Целое поколение можно заставить забыть, кто построил город Юрьев или крепость Грозную, но напомнит земля, пропитанная русской кровью, и нестерпимо будет на ней черной душе…
Русский медленно запрягает. Это терпеливый человек. Пока он не обращает внимание на тявканье мелких шавок, но когда поедет, тогда, извините, мало не покажется. И никакой заокеанский дядюшка не утешит. Но когда? Когда же? Или Севастополь навеки останется Городом Украинской Морской Славы?..»
Француз чувствовал себя хозяином мира:
— Пожалуй, я приглашу тебя в Бордо.
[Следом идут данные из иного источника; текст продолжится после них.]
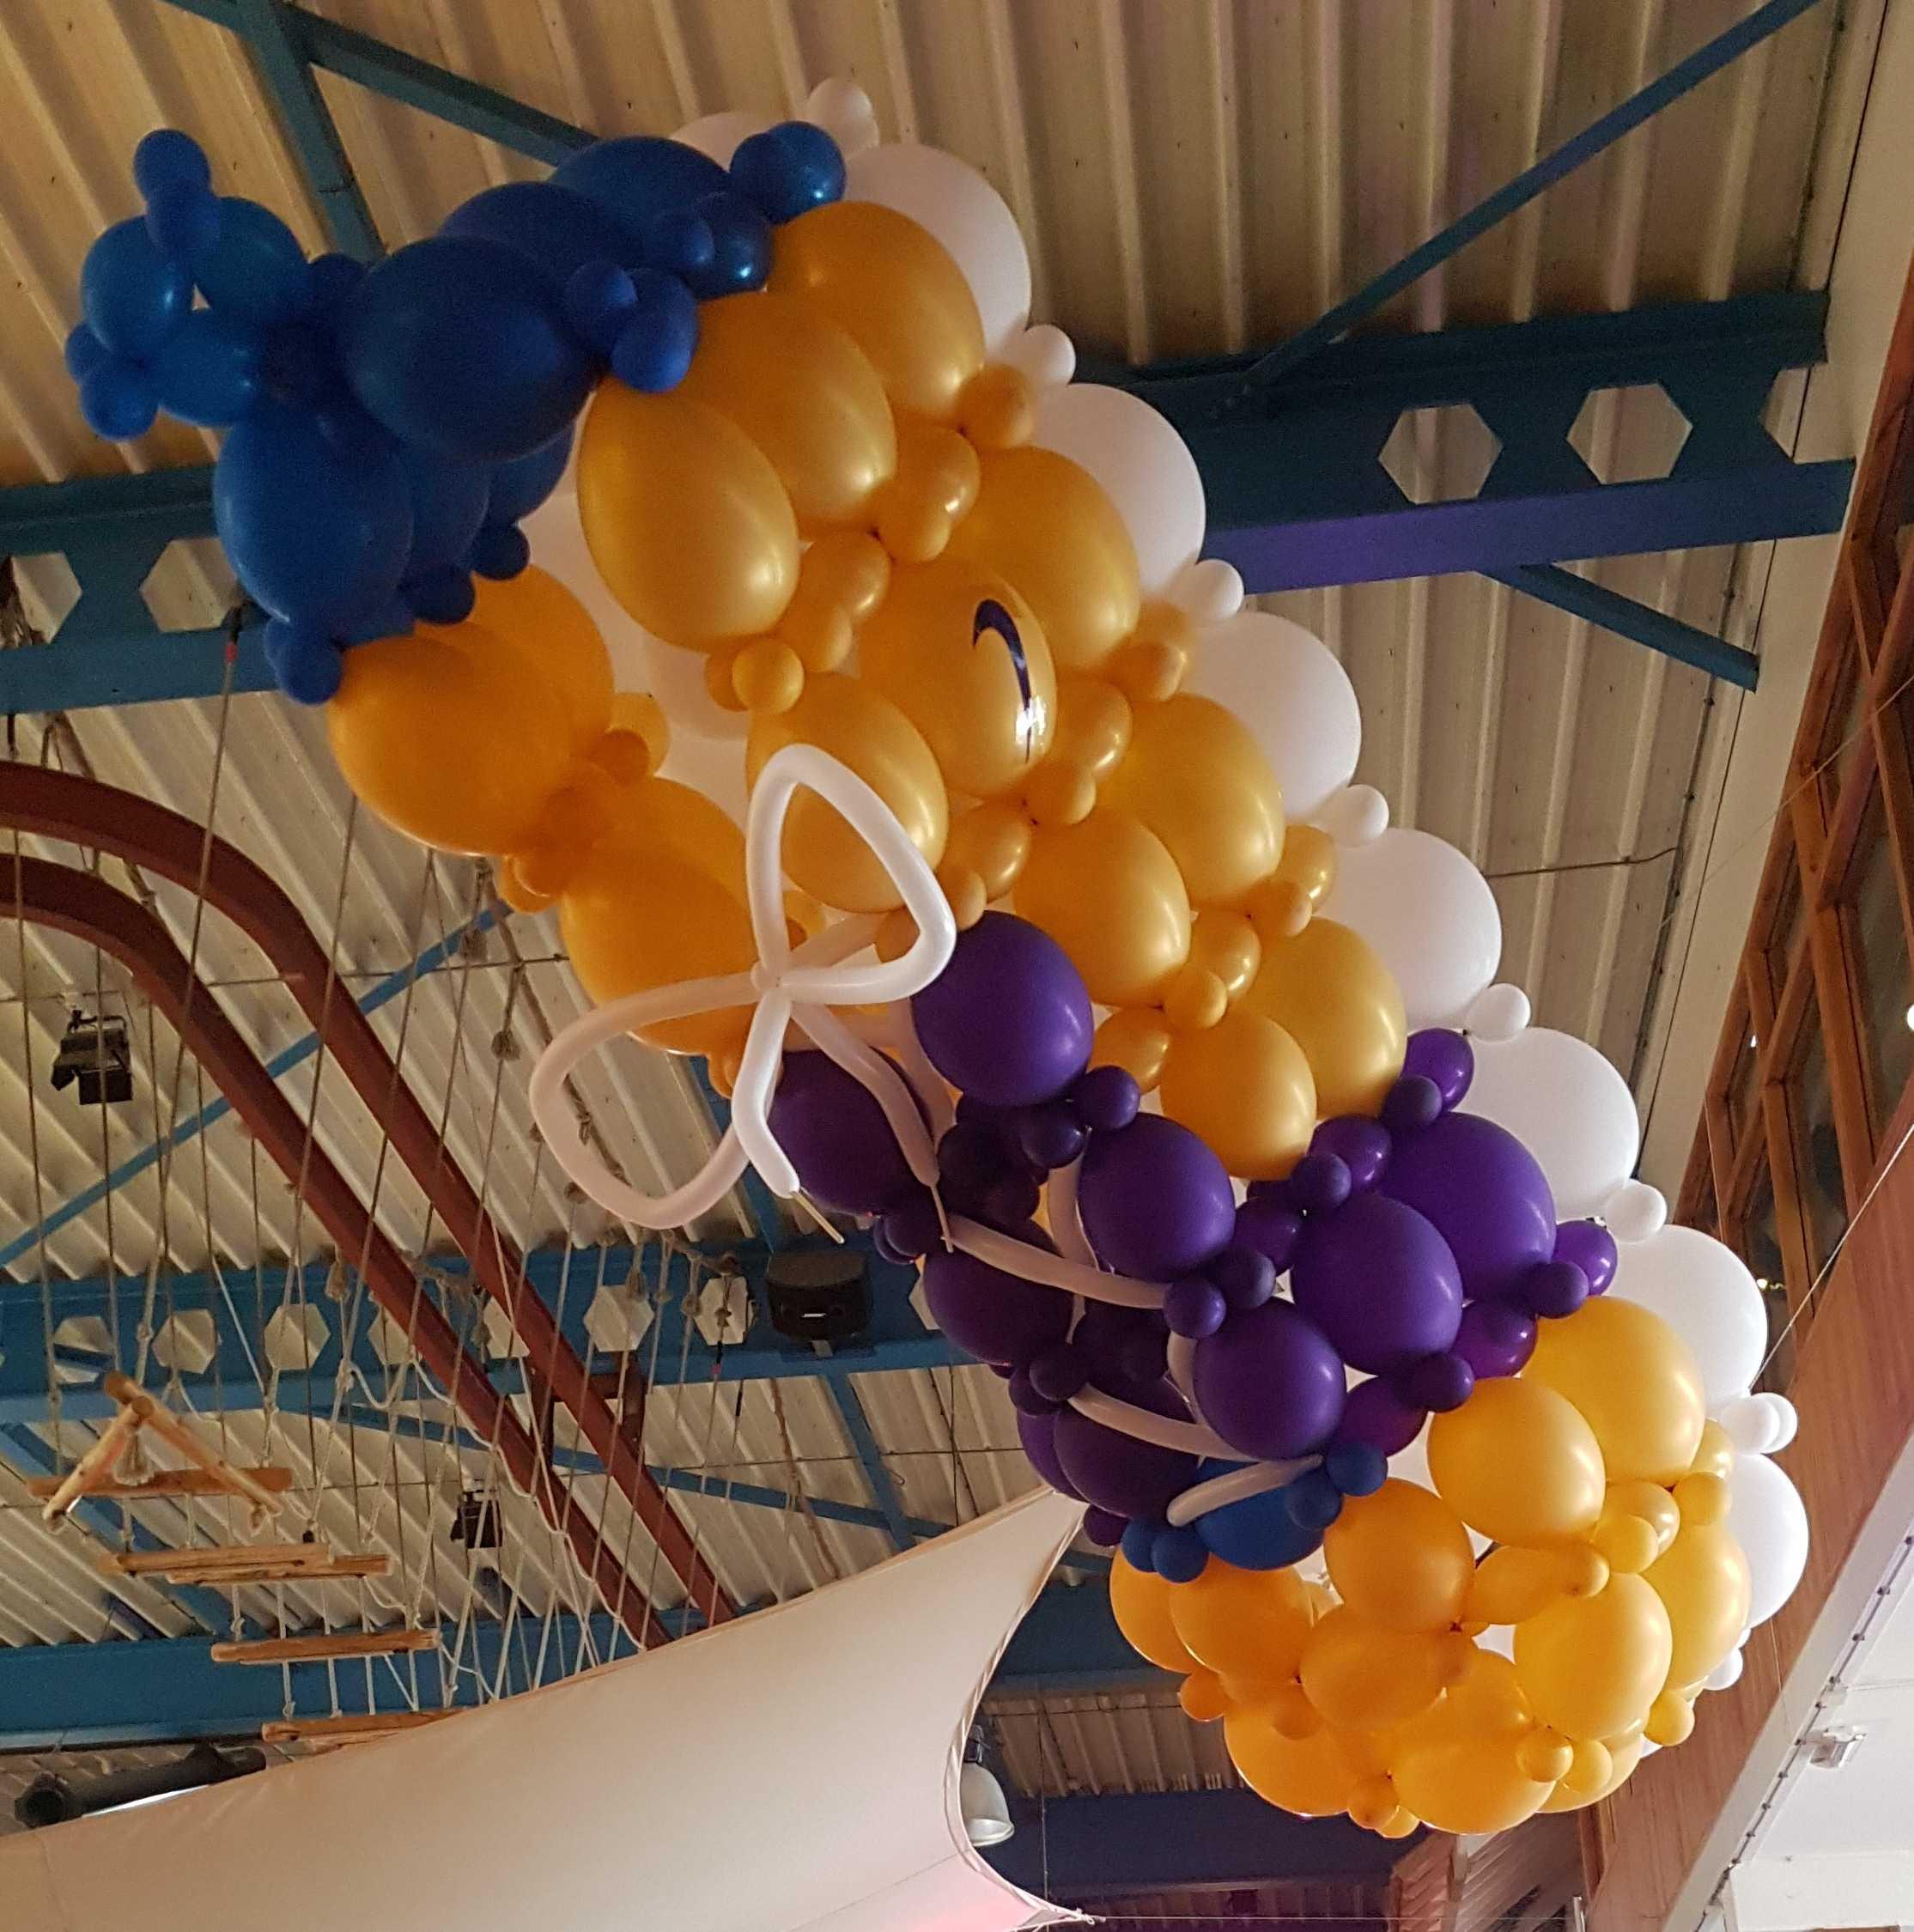 bruiloft-ballon-sneaker-in-de-lucht-hangend

У меня там дом.
— Нет, спасибо, — ответил Шапиро, подкидывая и хватая ртом орешки.
— Как?.. — слегка оторопел Тураншо.
— То есть спасибо, конечно, но некогда.
Француз слегка растерялся. Он подошел к музыкальному центру и поставил диск. Зазвучало «В лесу прифронтовом» на французском языке.
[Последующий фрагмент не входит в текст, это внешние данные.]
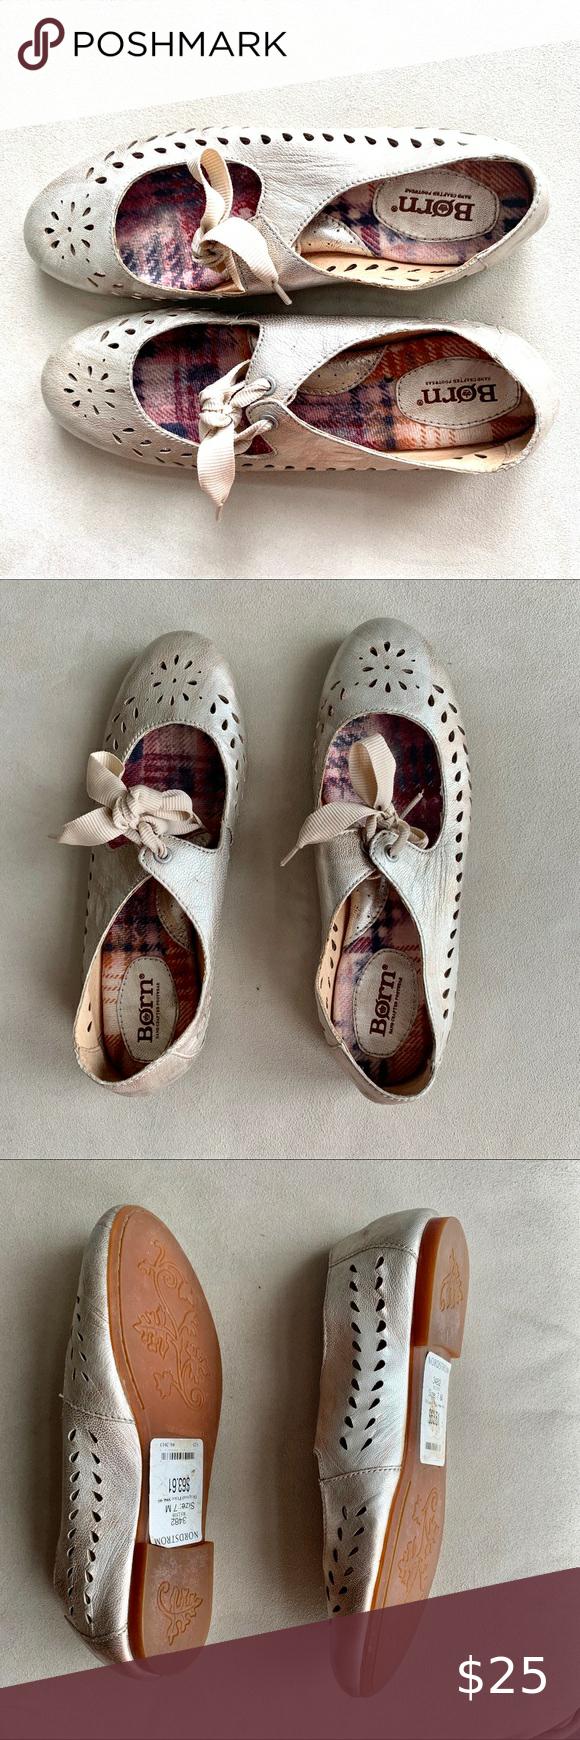 Women Flats Shoes Women Genuine Leather Shoes Woman Cutout Loafers Ballet Flats White 7M US

— Это песня Сержа Гинзбурга, знаешь ее? — с нескрываемой гордостью произнес Тураншо.
— Какая-такая Бумбарашка?
— Ч-что?
— Какая, спрашиваю, Сержа Гинзбурга?
Тураншо подозрительно глянул на Шапиро и пояснил:
— Серж Гинзбург — мужчина.
— Так ты сам спросил, знаю ли я ее, вот я решил, что это женщина.